American comedian (1949–2016)

Garry Emmanuel Shandling (November 29, 1949 – March 24, 2016) was an American actor, comedian, writer, director, and producer.

Shandling began his career writing for sitcoms, such as Sanford and Son and Welcome Back, Kotter. He made a successful stand-up performance on The Tonight Show Starring Johnny Carson where he became a frequent guest host. Shandling was, for a time, considered the leading contender to replace Johnny Carson. In 1986, he created It's Garry Shandling's Show, which aired on Showtime. It was nominated for four Emmy Awards (including one for Shandling) and lasted until 1990.

Shandling's second show, The Larry Sanders Show, began airing on HBO in 1992. He was nominated for 18 Emmy Awards for the show and won the Primetime Emmy Award for Outstanding Writing for a Comedy Series in 1998, along with Peter Tolan, for writing the series finale. In film, he had a recurring role in the Marvel Cinematic Universe, appearing in Iron Man 2 (2010) and Captain America: The Winter Soldier (2014). He also lent his voice to Verne the turtle in Over the Hedge (2006). Shandling's final performance was as the voice of Ikki in the live-action remake of The Jungle Book (2016). The film released posthumously.

During his four-decade career, Shandling was nominated for 19 Primetime Emmy Awards and two Golden Globe Awards, along with many other awards and nominations. He served as host of the Grammy Awards four times and as host of the Emmy Awards two times.

==Early life==
Garry Emmanuel Shandling was born into a Jewish family in Chicago on November 29, 1949, the son of pet store proprietor Muriel Estelle (née Singer) and print shop owner Irving Shandling. He grew up in the Casa Loma Estates area of Tucson, Arizona, having moved there with his family so that his older brother Barry could receive treatment for cystic fibrosis. Barry died of the disease when Shandling was 10. After graduating from Palo Verde High School, Shandling attended the University of Arizona to major in electrical engineering, but instead completed a degree in marketing and pursued a year of postgraduate studies in creative writing.

==Career==
===Early work===
When Shandling was 19, he drove two hours to a club in Phoenix and showed some jokes to George Carlin, who was performing there. The next day, on a repeat round-trip, Carlin told him that he had "funny stuff on every page" and should keep at it. In 1973, he moved to Los Angeles and worked at an advertising agency for a time, then sold a script for the popular NBC sitcom Sanford and Son. He also wrote scripts for the sitcom Welcome Back, Kotter and attended a story meeting for Three's Company.

===Stand-up comedy===
Shandling said that he became a stand-up comedian because of an incident that happened one day at a story meeting for Three's Company, in which one of the show's producers complained about a line of dialogue and said, "Well, Chrissy wouldn't say that." He recalled, "I just looked. I said, 'I don't think I can do this.' And I stopped right there and went on to perform."
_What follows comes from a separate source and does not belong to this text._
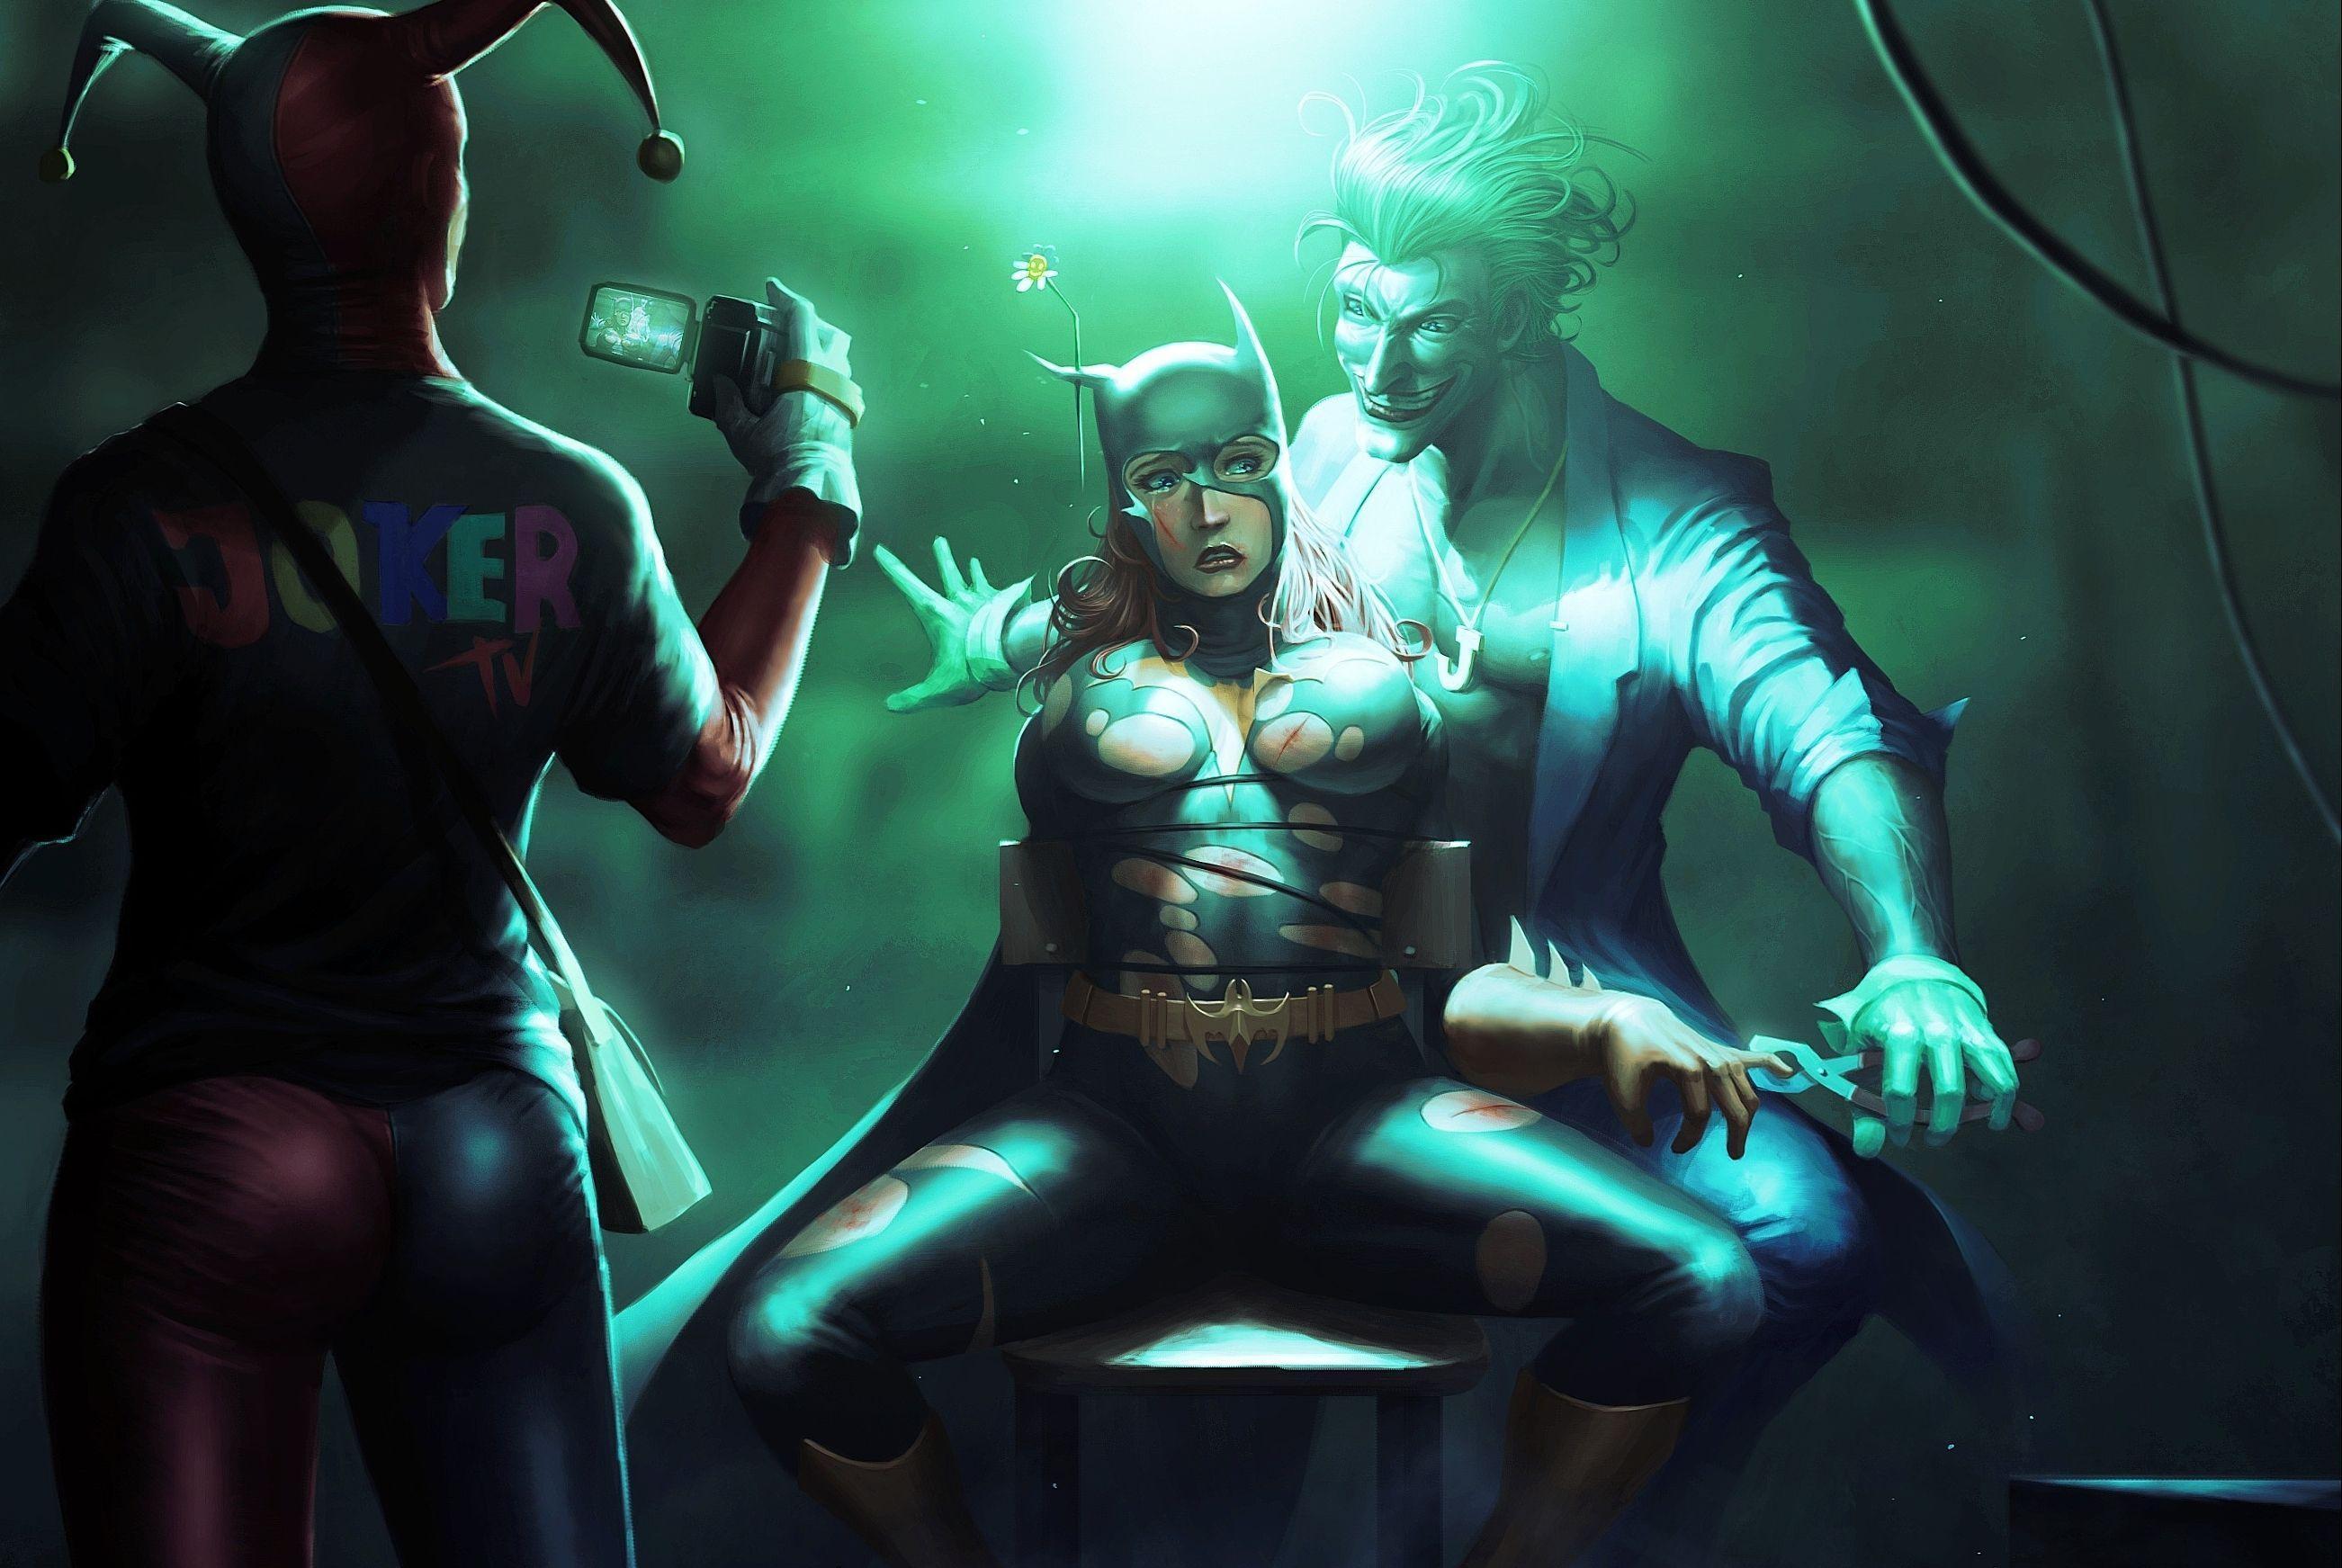 Joker And Harley Quinn Wallpapers Top Free Joker And Harley Quinn

In 1978, Shandling performed his first stand-up routine at The Comedy Store. A year later, he was one of the few performers to cross the picket line when a group of comedians organized a boycott against the Comedy Store, protesting owner Mitzi Shore's policy of not paying comedians to perform. According to William Knoedelseder, Shandling "was the scion of a family with decidedly antiunion views. He had not shared the struggling comic experience. He was a successful sitcom writer trying to break into stand-up, and prior to the strike, Shore had refused to put him in the regular lineup because she didn't think he was good enough. Of course, that changed the minute he crossed the picket line."
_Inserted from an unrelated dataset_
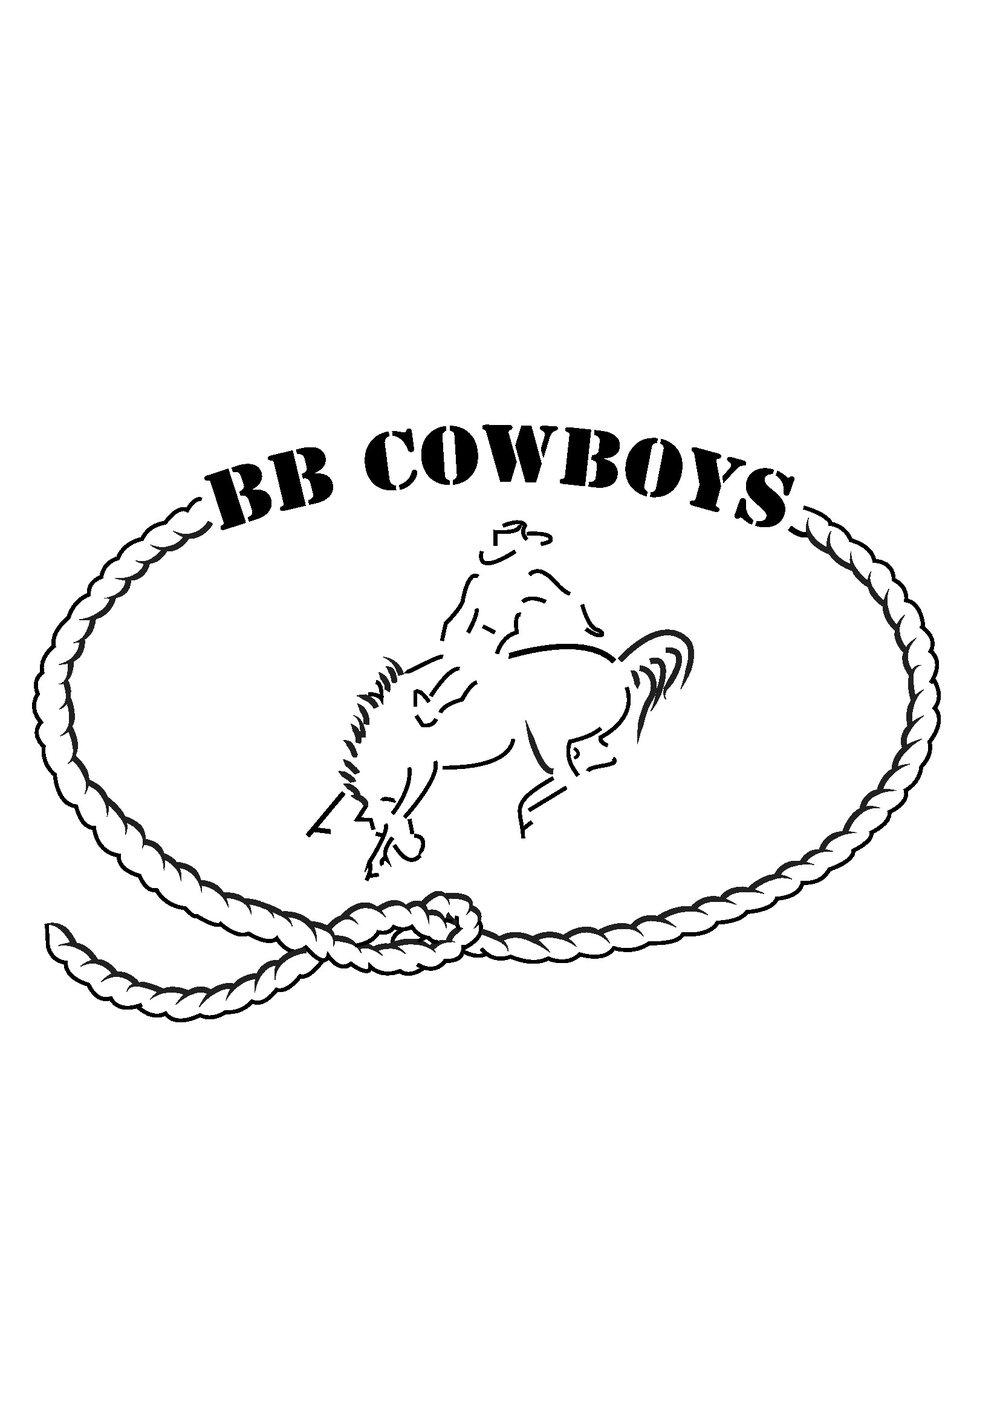 BB cowboys.jpg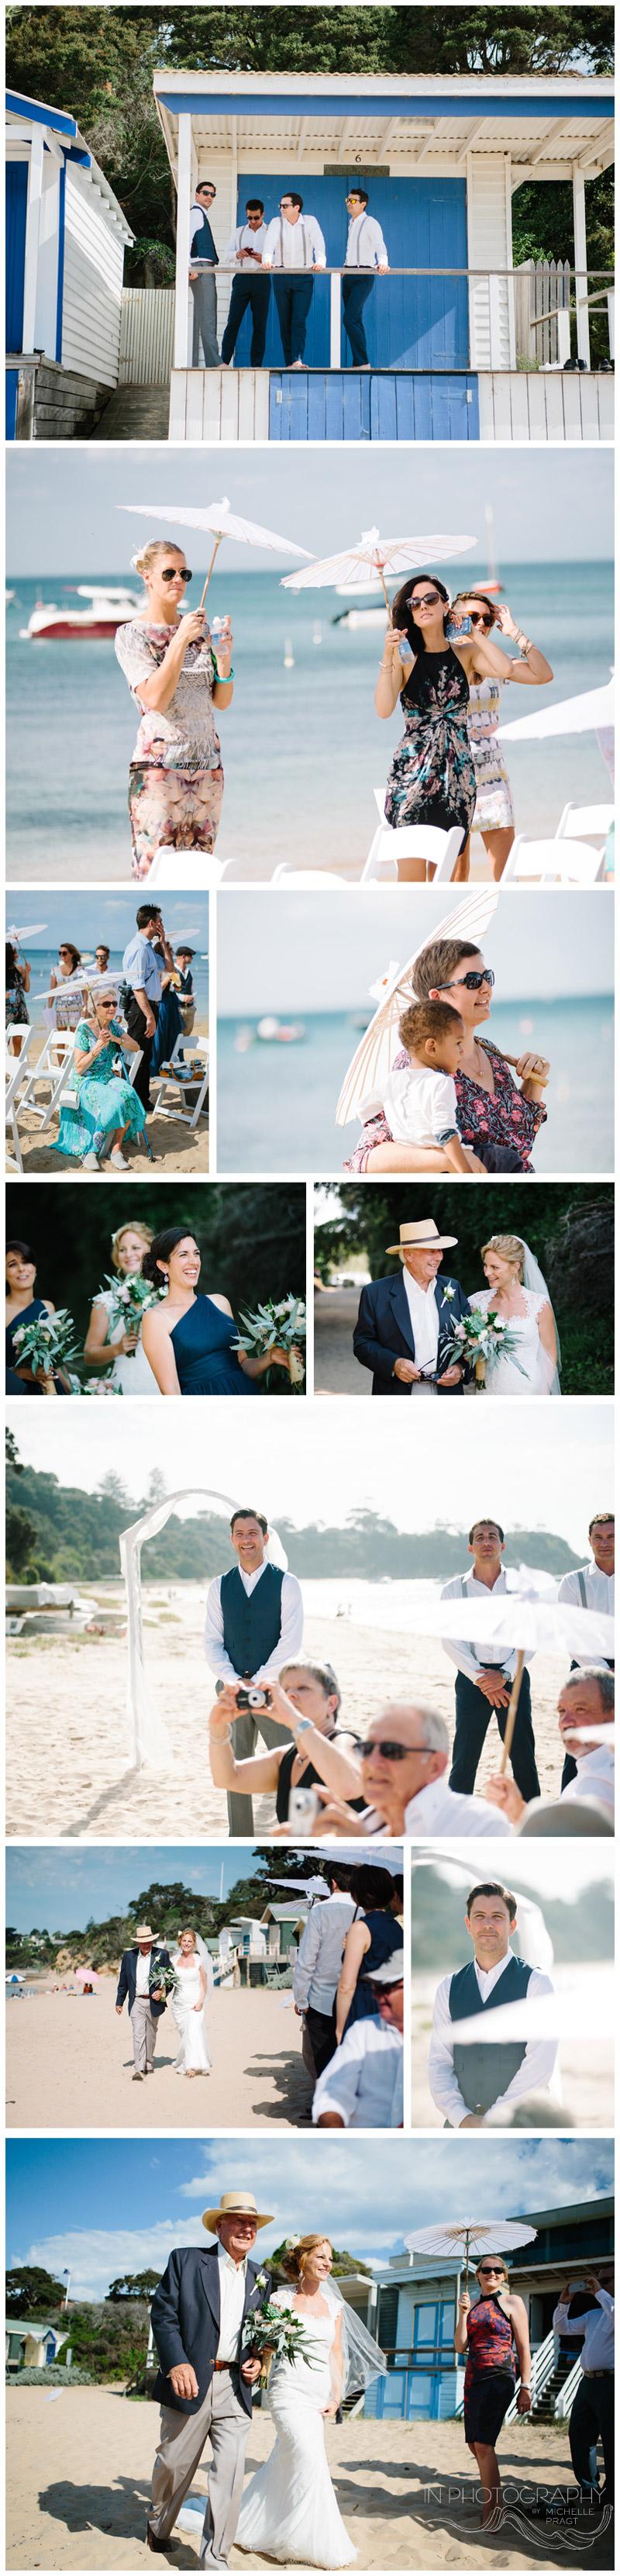 Portsea Beach wedding ceremony

Shandling's onstage persona was an anxiety-ridden, nervous, uptight, conservative man on the verge of a breakdown. After a couple of years on the road, he was booked by a talent scout from The Tonight Show Starring Johnny Carson to appear as a guest in 1981. Shandling substituted for Carson on a regular basis until 1987, when he left to focus on his cable show, leaving Jay Leno as permanent guest host and Carson's eventual successor.

In 1984, Shandling performed his first stand-up special, Garry Shandling: Alone in Vegas for Showtime, followed by a second televised special in 1986, The Garry Shandling Show: 25th Anniversary Special, also for Showtime. In 1991, a third special, Garry Shandling: Stand-Up, was part of the HBO Comedy Hour.

===Television series===
====It's Garry Shandling's Show====
In 1985, Shandling and Alan Zweibel went on to create It's Garry Shandling's Show. Through 1990, it ran for 72 episodes on Showtime. The edited reruns played on the Fox network beginning in 1988. Shandling wrote 15 of the episodes.
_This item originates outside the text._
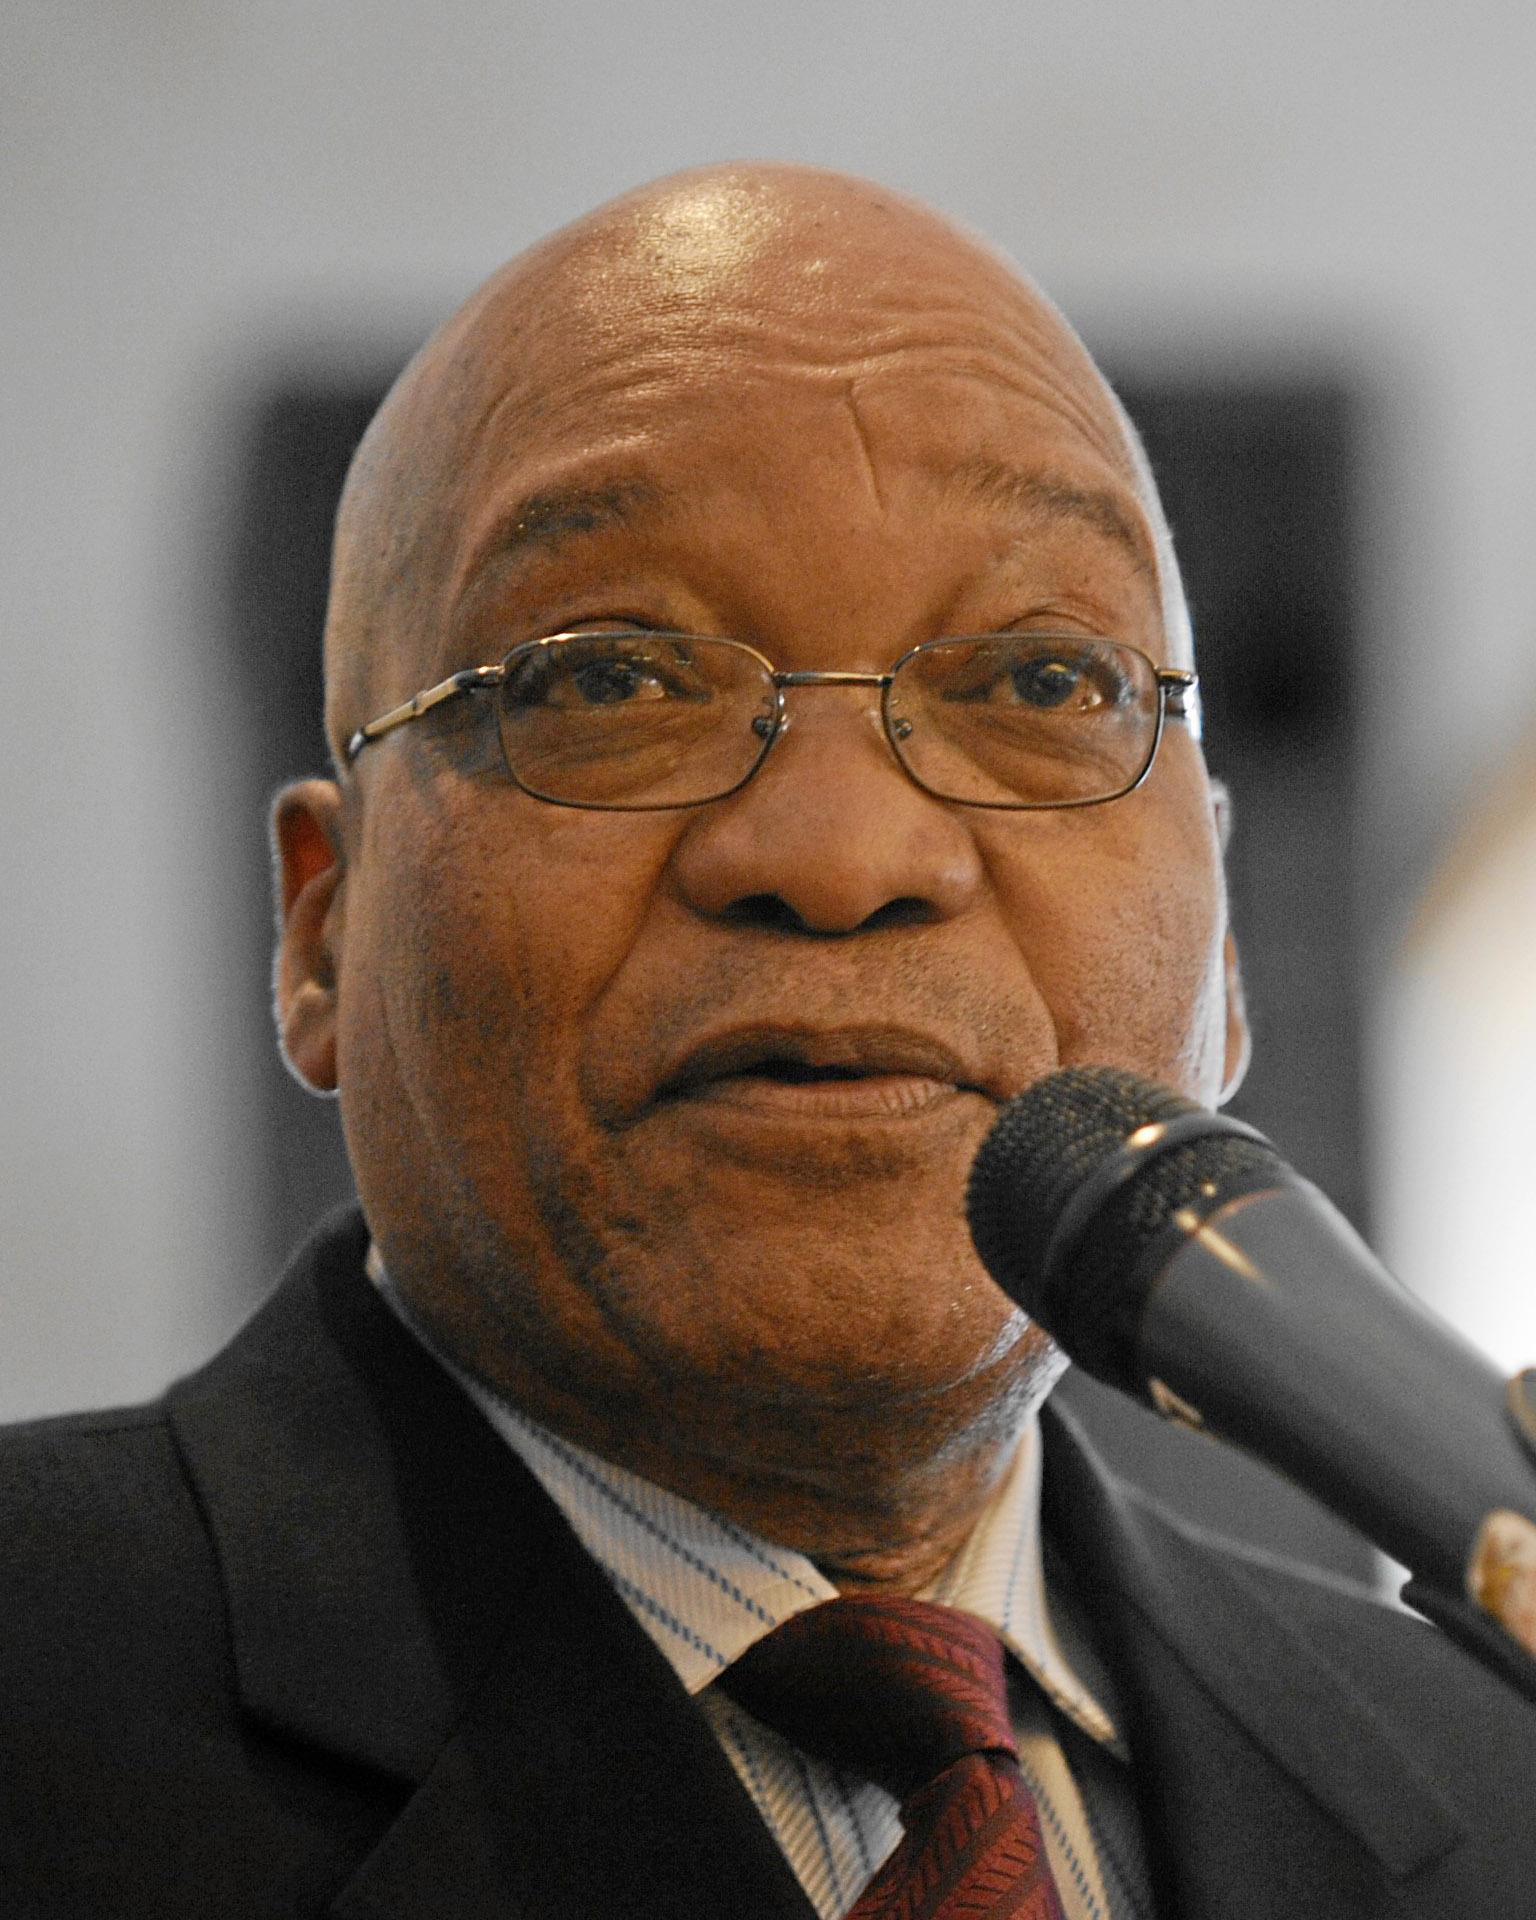 Jacob Zuma, South Africa president (Photo by Michael Wuertenberg via Wiki Commons)

The series subverted the standard sitcom format by having its characters openly acknowledge that they were all part of a television series. Building on a concept that hearkened back to The George Burns and Gracie Allen Show, in which George Burns would frequently break the "fourth wall" and speak directly to the audience, Shandling's series went so far as to incorporate the audience and elements of the studio itself into the storylines, calling attention to the show's artifice.

The series was nominated for four Emmy Awards, including one for Shandling. He won an American Comedy Award for Funniest Male Performance in a Series; and four CableACE awards, two for Best Comedy Series. The show also won an award for Outstanding Achievement in Comedy from the Television Critics Association.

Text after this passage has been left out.